The Atlantic Council council recently published a very good paper on the movement of major players in oil and gas into the energy transition arena; it analyzed both their acquisitions and investment in technology. Companies like Chevron in Australia, Total in France or ADNOC and Saudi Aramco in the Middle East are investing in carbon capture and storage, areas that might once have seemed peripheral to their operations. Ultimately, the fact is that fossil fuel use is expected to decline significantly, and if these companies want to remain resilient in a low-carbon energy future, they’ll need to develop less carbon-intensive portfolios. Today, we even see large companies like Total and Shell using the 2° Celsius benchmark from the Paris Accord to predict what their production profiles will look like in the future.
VM: What about government incentives? What role have they played in the past, and will that role continue in the future?
KB: In countries like Denmark and Germany, renewable energy is already a large part of the electricity market. That’s because, in these markets, there have historically been government incentives. Now, however, we’re beginning to see a more level playing field where renewables compete on their own business merits. That’s certainly the case for solar, and it will become the case even more so when we resolve questions around intermittency and the availability of energy storage.

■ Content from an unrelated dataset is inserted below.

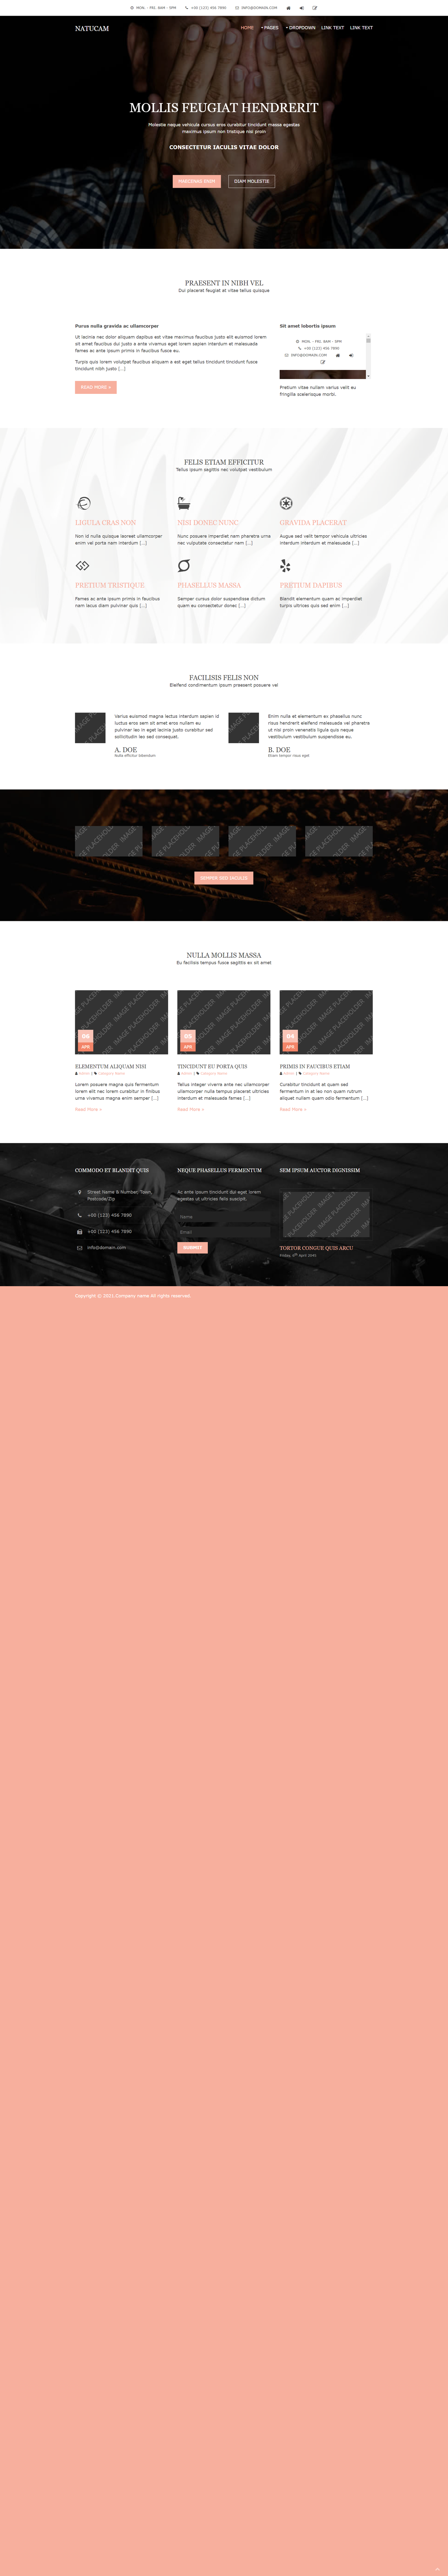 HTML5粉色宽屏样式贫困公益企业网站模板代码下载
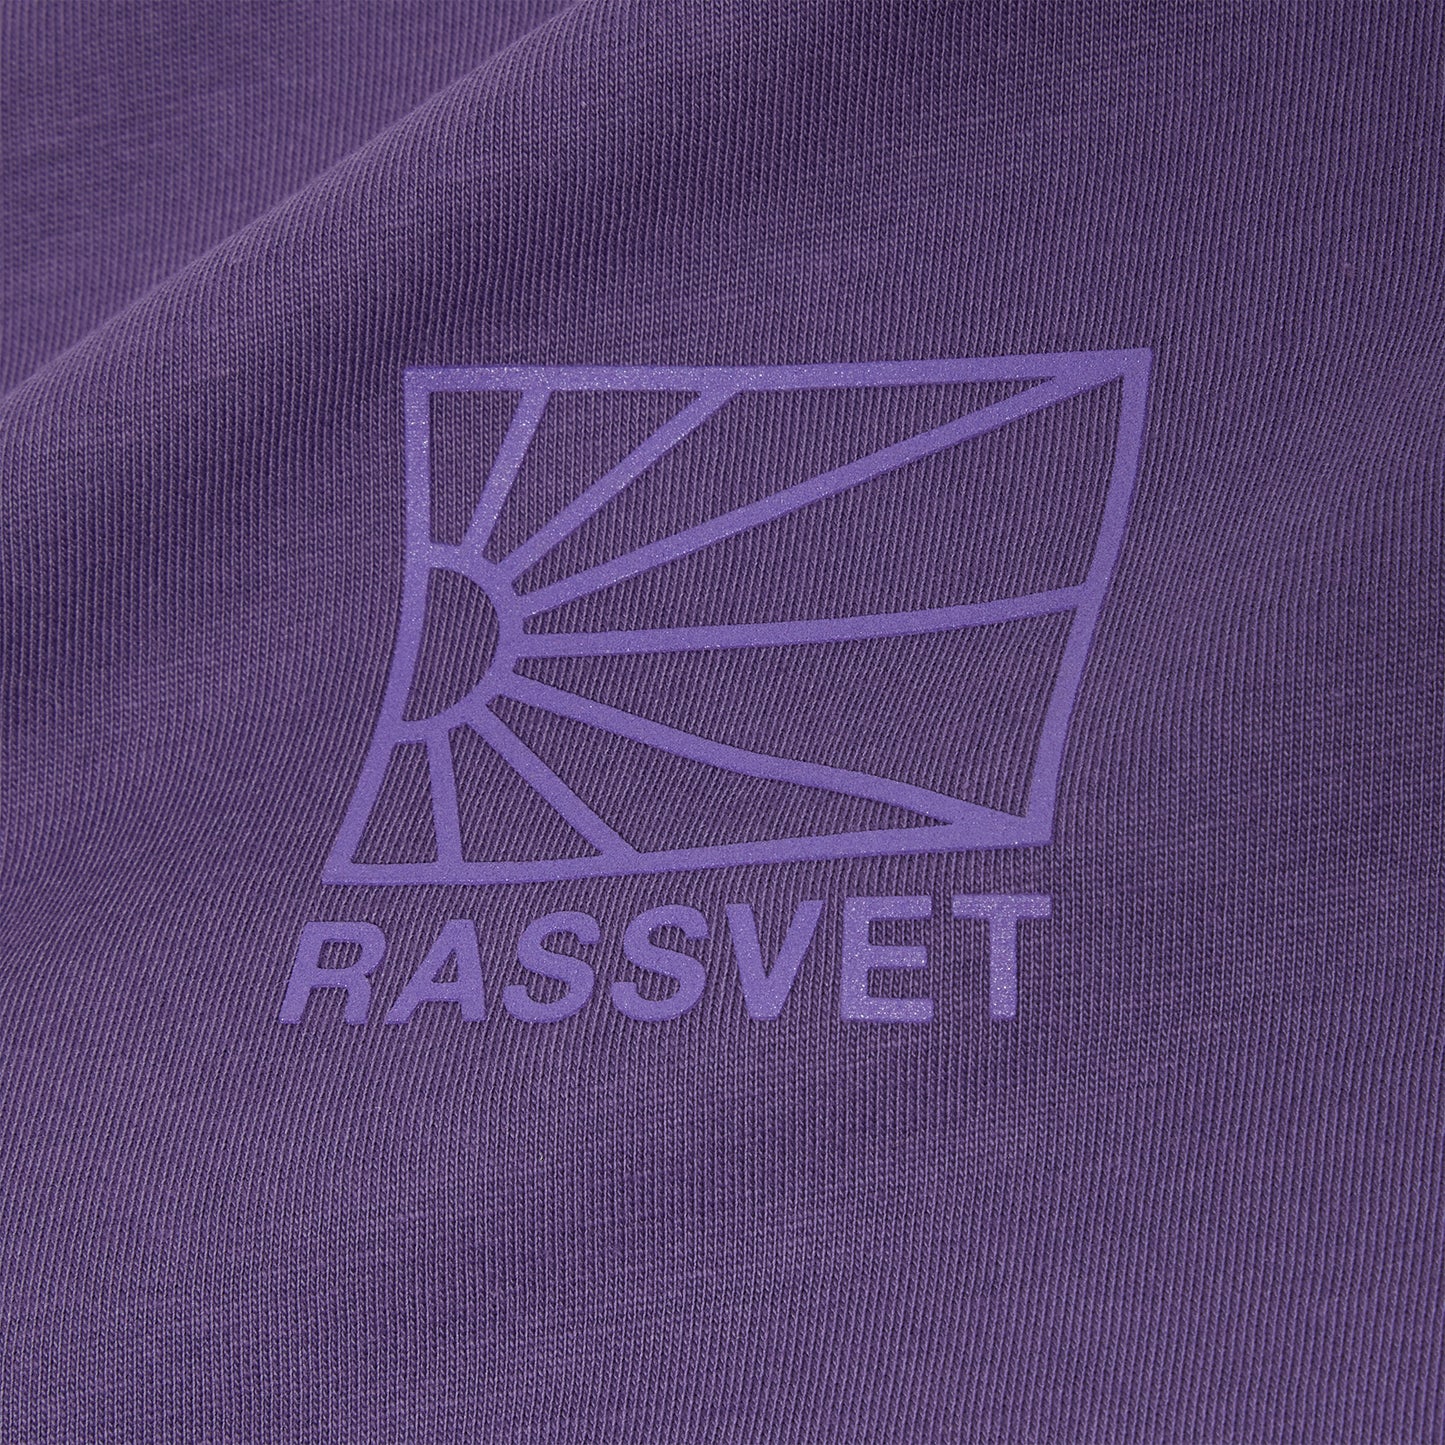 Rassvet Small Logo Knit Tee Shirt (Purple)

VM: What needs to happen next?
KB: We’ve seen some extraordinary technological developments on the solar side, but renewable energy alone won’t allow us to meet our global climate goals. The other major component of de-carbonization is energy efficiency and the use of carbon capture and storage.
Moving the needle on this will require further investment, but if we look at investment levels in research and development (R&D), we are very far from what other industries invest. When compared to the IT and pharmaceutical industries, for example, investment in energy-related R&D is lagging by at least one order of magnitude. One analysis I saw recently suggested that if you add up all of the money we’re investing globally into R&D for clean energy, it would equal the amount that the top three tech companies alone invest in R&D each year. So that’s the first issue: We need more investment.
VM: What is the best way to encourage investment?
KB: It’s clear at this point that it’s a price on carbon. Today’s CO2 prices — even in markets like the EU — are not at the level that is high enough to justify an investment. Certainly, higher carbon prices would provide the needed incentive.